Microsoft decided to switch to a free product because there are still so many PCs out there that lack any antivirus software.

"Because they're not concerned about malware, the number of people who don't have antivirus software or don't keep it up to date exceeds 50 percent in developed markets, and it's worse in emerging markets," Amy Barzdukas, senior director of product management for the Online Services and Windows Division at Microsoft, said in an interview. "Live OneCare was tailored for developed markets with broadband...and it's not meeting the needs of a lot of customers."

Asked why the company wouldn't just offer both the free and subscription versions, Barzdukas said: "Having core anti-malware at no charge for consumers, we believe, we will protect more consumers that way." Consumers who want more than the features Morro will offer have "fine alternatives from third parties" to buy, she added.

Despite the fact that McAfee stands to lose paying customers to Microsoft's new free software, McAfee spokesman Joris Evers said the news signaled a defeat for Microsoft.

"Consumers have voted; OneCare, in its two years on the market, has achieved less than 2 percent market share," he said in an interview. "Microsoft is giving up and has defaulted to a dressed-down freeware model that does not meet consumer security needs. This is good news for McAfee."

Barzdukas dismissed the notion that Microsoft was responding to market share or competitive pressures. "If the current approach isn't working... (as far as protecting consumers broadly) we need to go with a new approach," she said.

Asked if Microsoft would ever consider bundling the security features into Windows, Barzdukas said: "I can't foresee such a time."

Representatives from Symantec could not be reached for comment Tuesday.

Graham Cluley, senior technology consultant at Sophos, said the news doesn't impact his security firm because it focuses on the enterprise market.

"I think this announcement may cause some sleepless nights for the chiefs at McAfee and Symantec--they've always done well out of the consumer anti-virus market, and with tougher financial times ahead of them (they) won't be pleased to see the possibility of that evaporating further," he wrote in an e-mail response to questions.

Microsoft had been selling Windows Live OneCare for $49.95 per year, which covered up to three PCs and offered centralized backup and optimization features in addition to security capabilities.

Windows Live OneCare will continue to be sold for Windows XP and Vista via retailers through June 30, 2009, and direct sales will be gradually phased out as Morro becomes available. "Microsoft will ensure that all current customers remain protected through the life of their subscriptions," the statement said.

Morro, which will be available for download over the Internet, will work on Windows XP, Windows Vista, and the upcoming Windows 7.

The news frustrated OneCare customer Cas Purdy who complained on Facebook: "I just paid for OneCare.
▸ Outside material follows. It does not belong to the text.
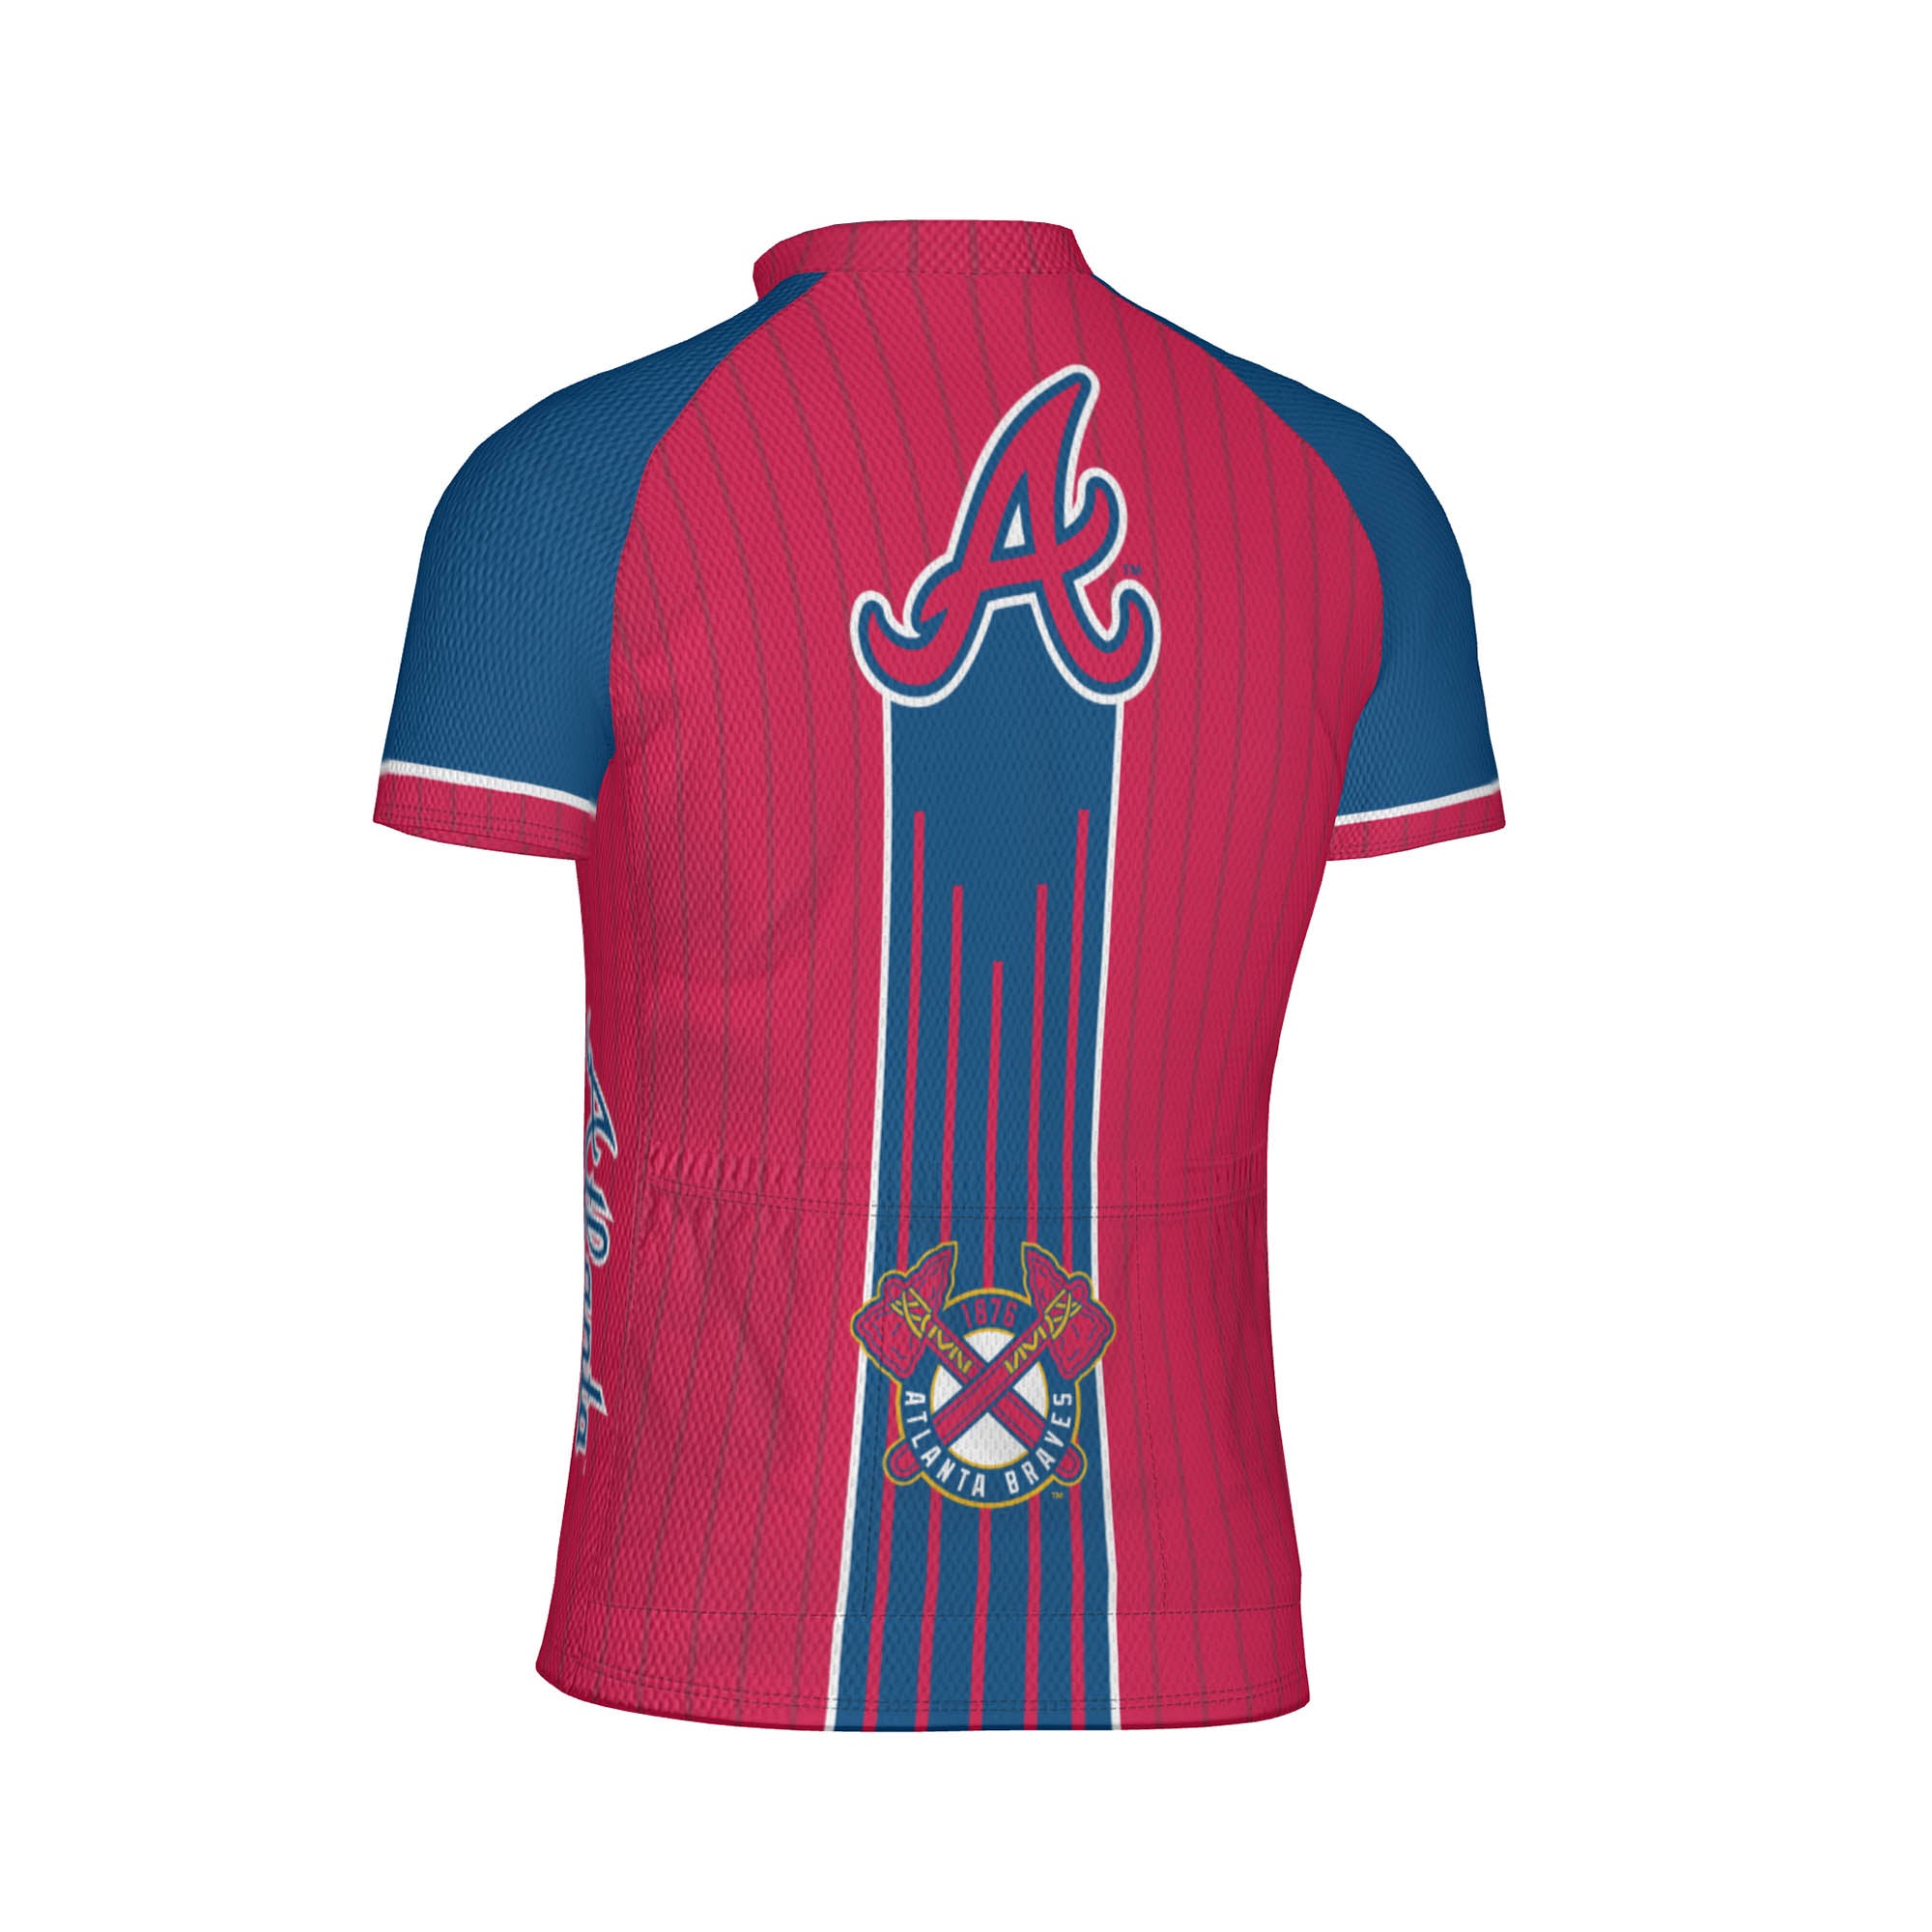 Atlanta Braves Jersey – Primal Wear

I'm kind of bitter."

Purdy, who heads up public relations at security firm Websense, said in a follow-up phone interview that he paid for his OneCare subscription a few weeks ago for his home laptop. Websense does not compete with Microsoft on consumer software.

"I'm all for a free tool but given that I just paid for it...we'll see," he added.
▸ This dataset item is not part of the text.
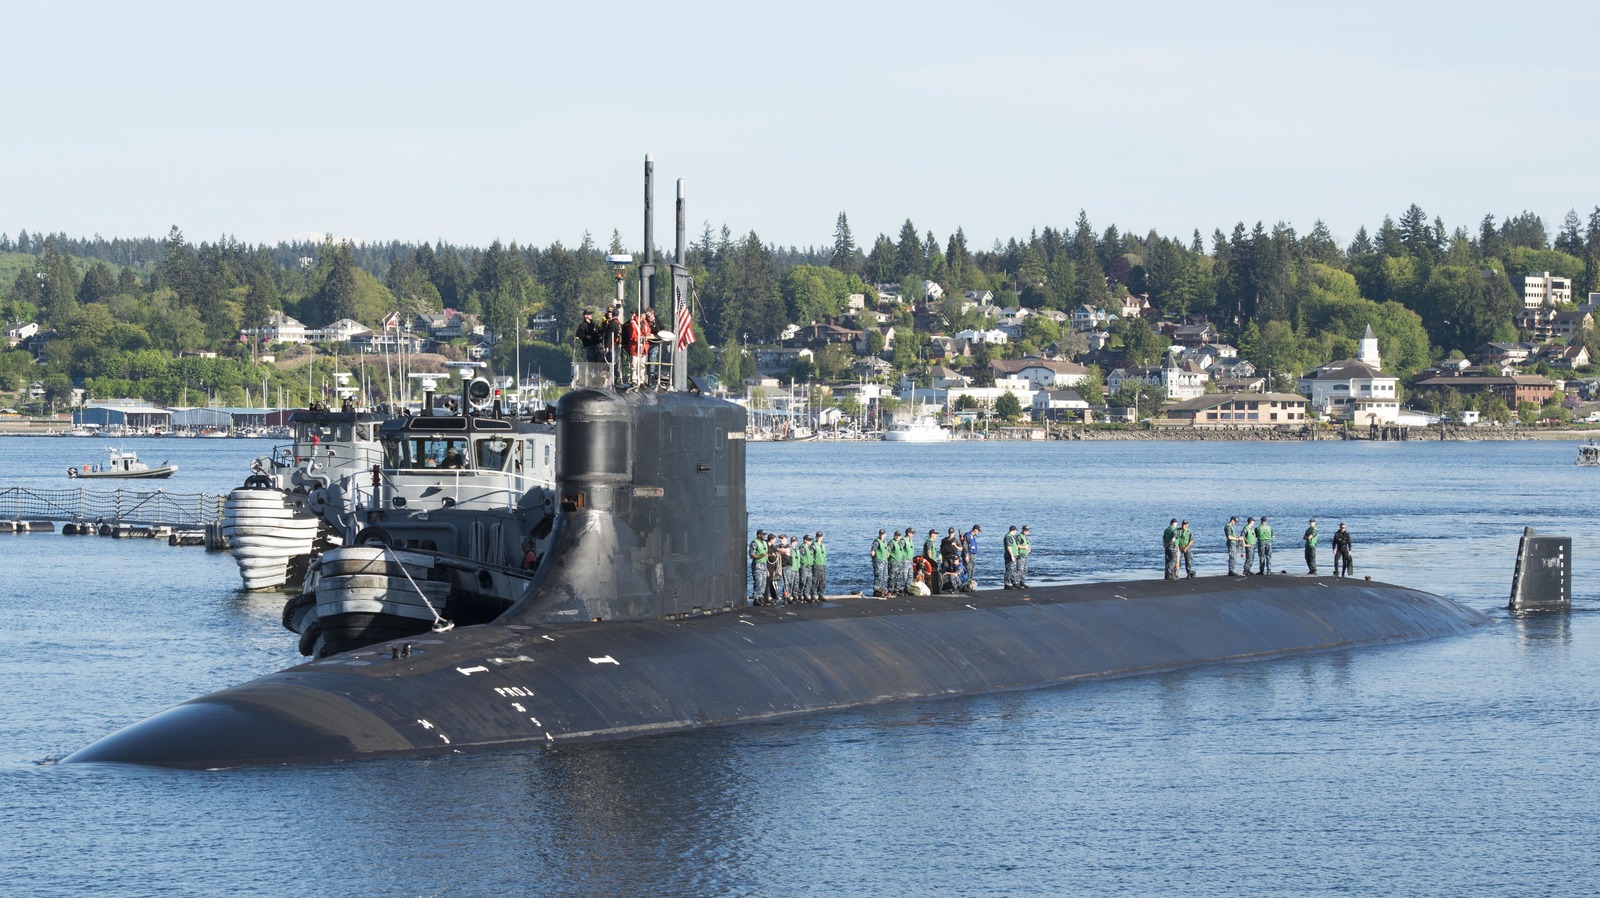 Uss Seawolf: The Highly Advanced Submarine That Changed Underwater Warfare

Microsoft's Barzdukas said customers should contact customer support if they have a concern. "We will absolutely do the right thing by our customers, and if the customer wants to call our free phone support line we'll make sure they are happy," she said.

A posting on the Windows Live OneCare Team Blog has a detailed FAQ for customers.

Microsoft started selling OneCare in May 2006, three years after signaling its intent to enter the security software market with its purchase of Romania's GeCad.

Although OneCare received only mixed reviews, it significantly shook up the security software market, resulting in generally lower prices.

The software maker has also started selling its Forefront line of security software for businesses and indicated at its Microsoft Online launch on Monday that it plans to expand its lineup of hosted security services.

CNET News' Ina Fried contributed to this report.